◆ Task description
Provide an exact copy of the data, excluding the images.

◆ Material provided

BEGIN

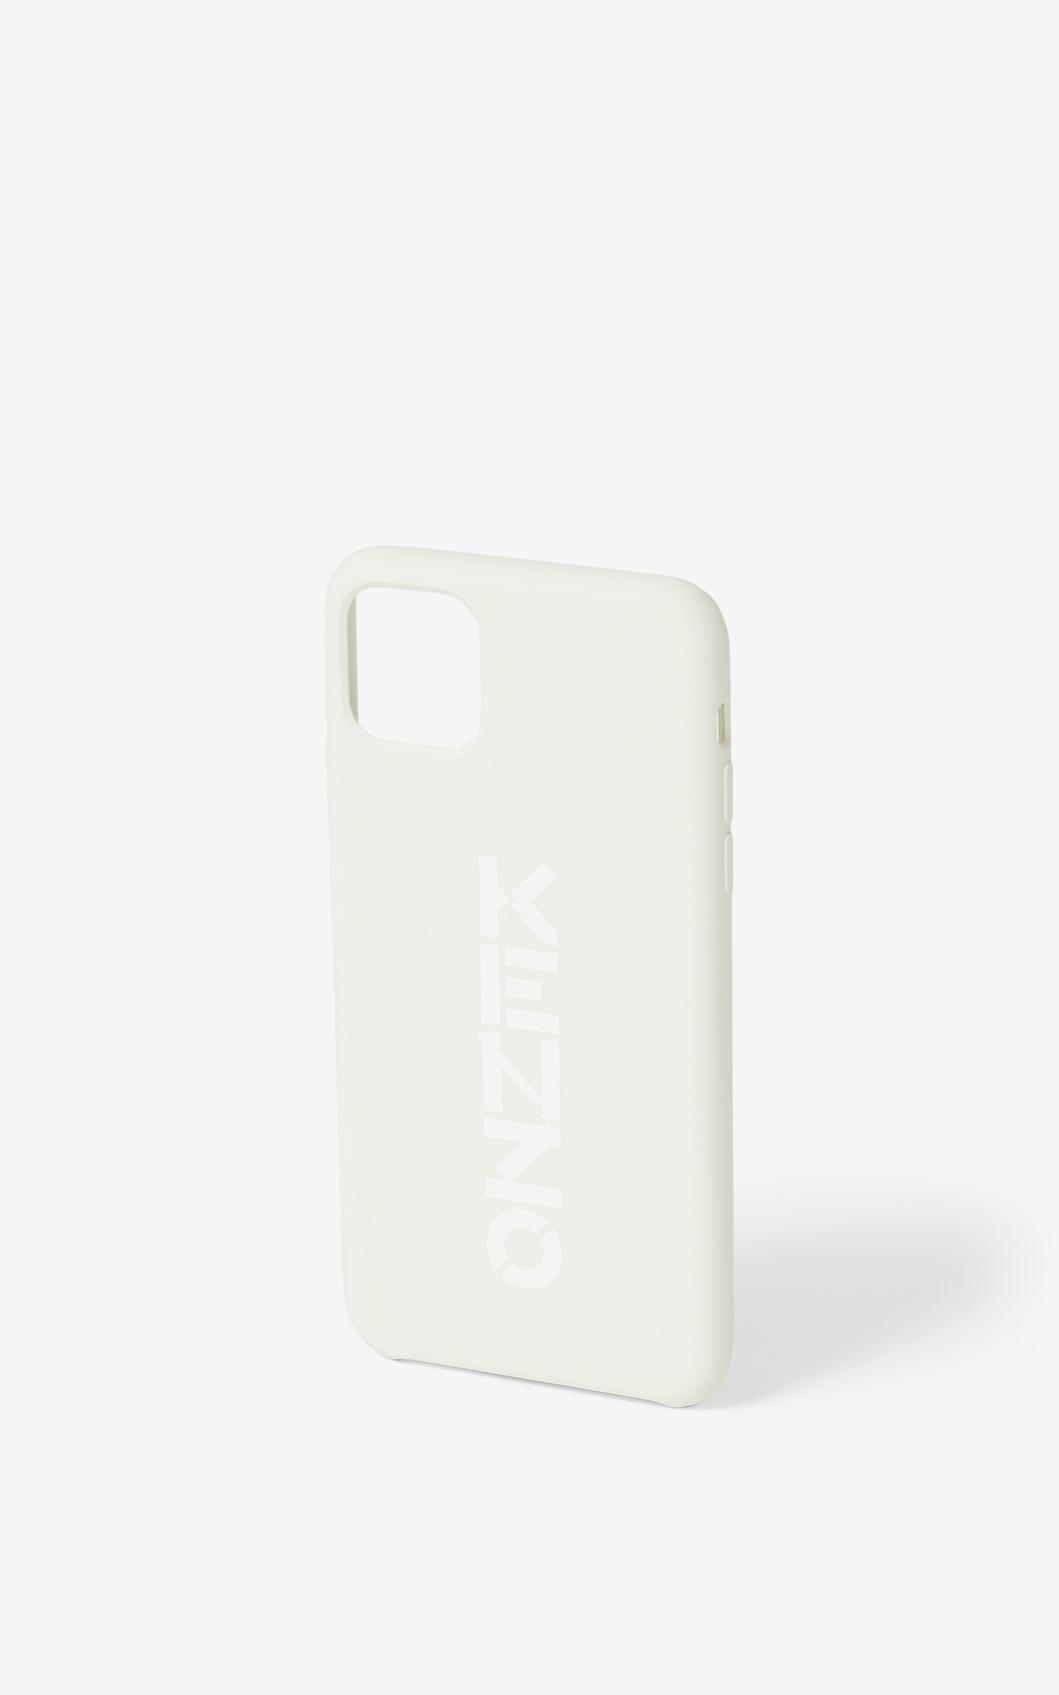 KENZO Coque iPhone XI Pro Max
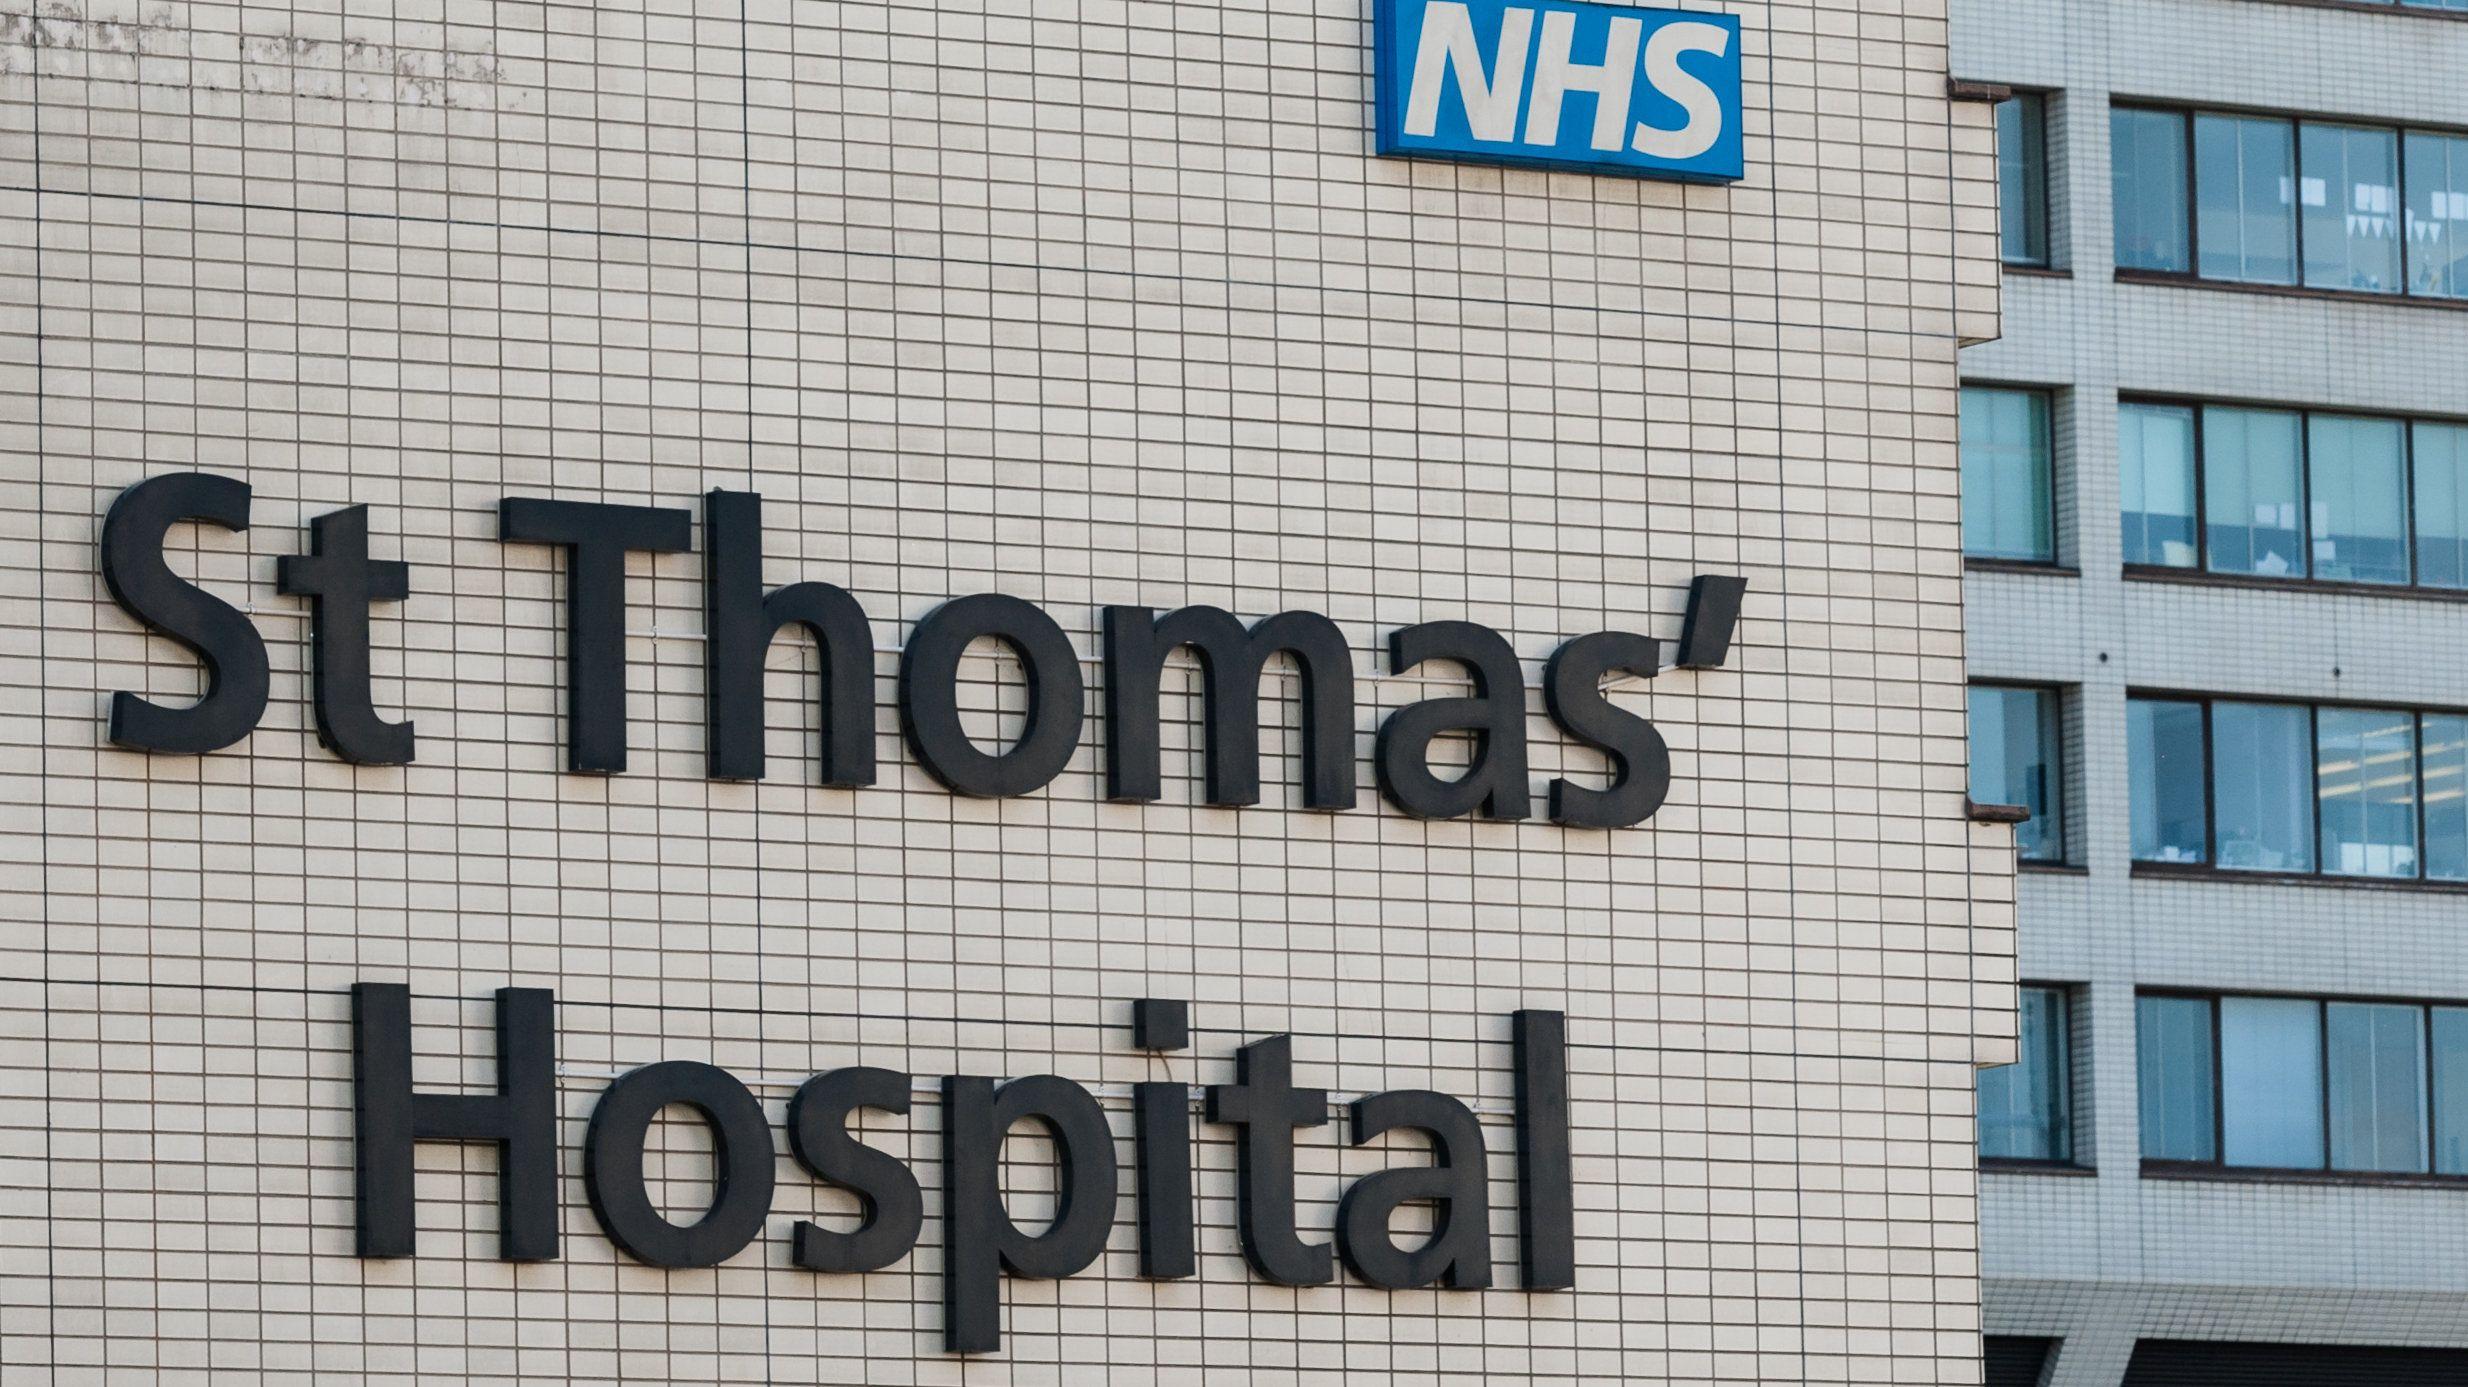 St. Thomas Hospital in London
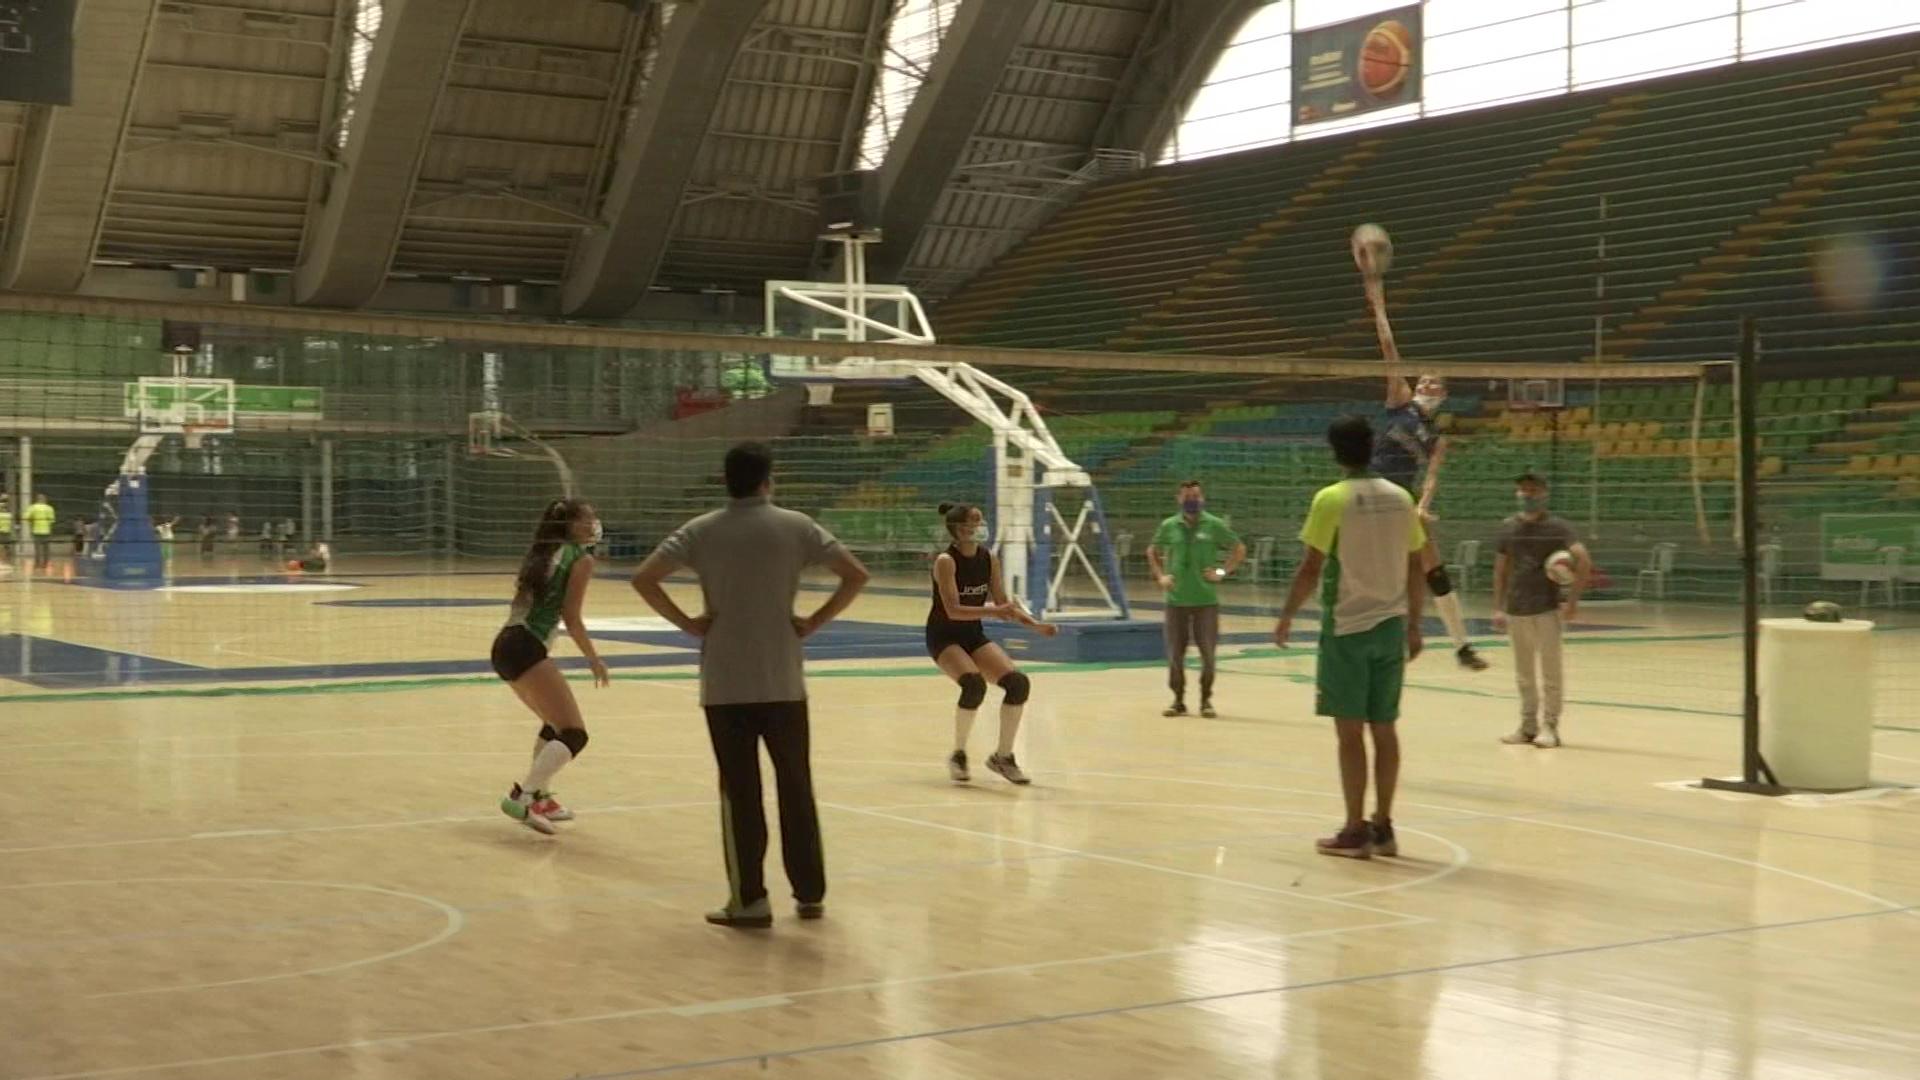 Voleibol busca escenario para entrenar
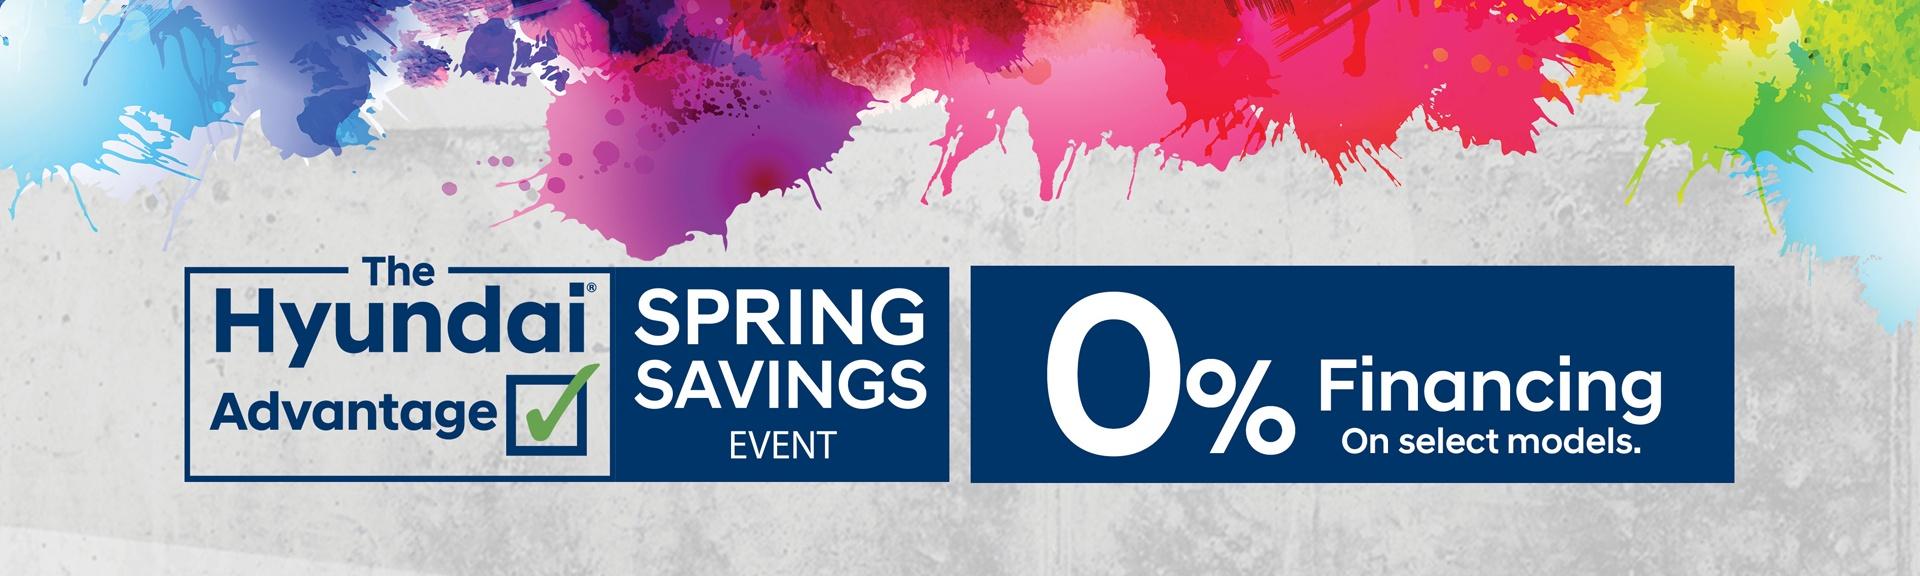 Spring Saving Event

END

◆ Written reply
 KENZO Coque iPhone XI Pro Max
 St. Thomas Hospital in London
 Voleibol busca escenario para entrenar
 Spring Saving Event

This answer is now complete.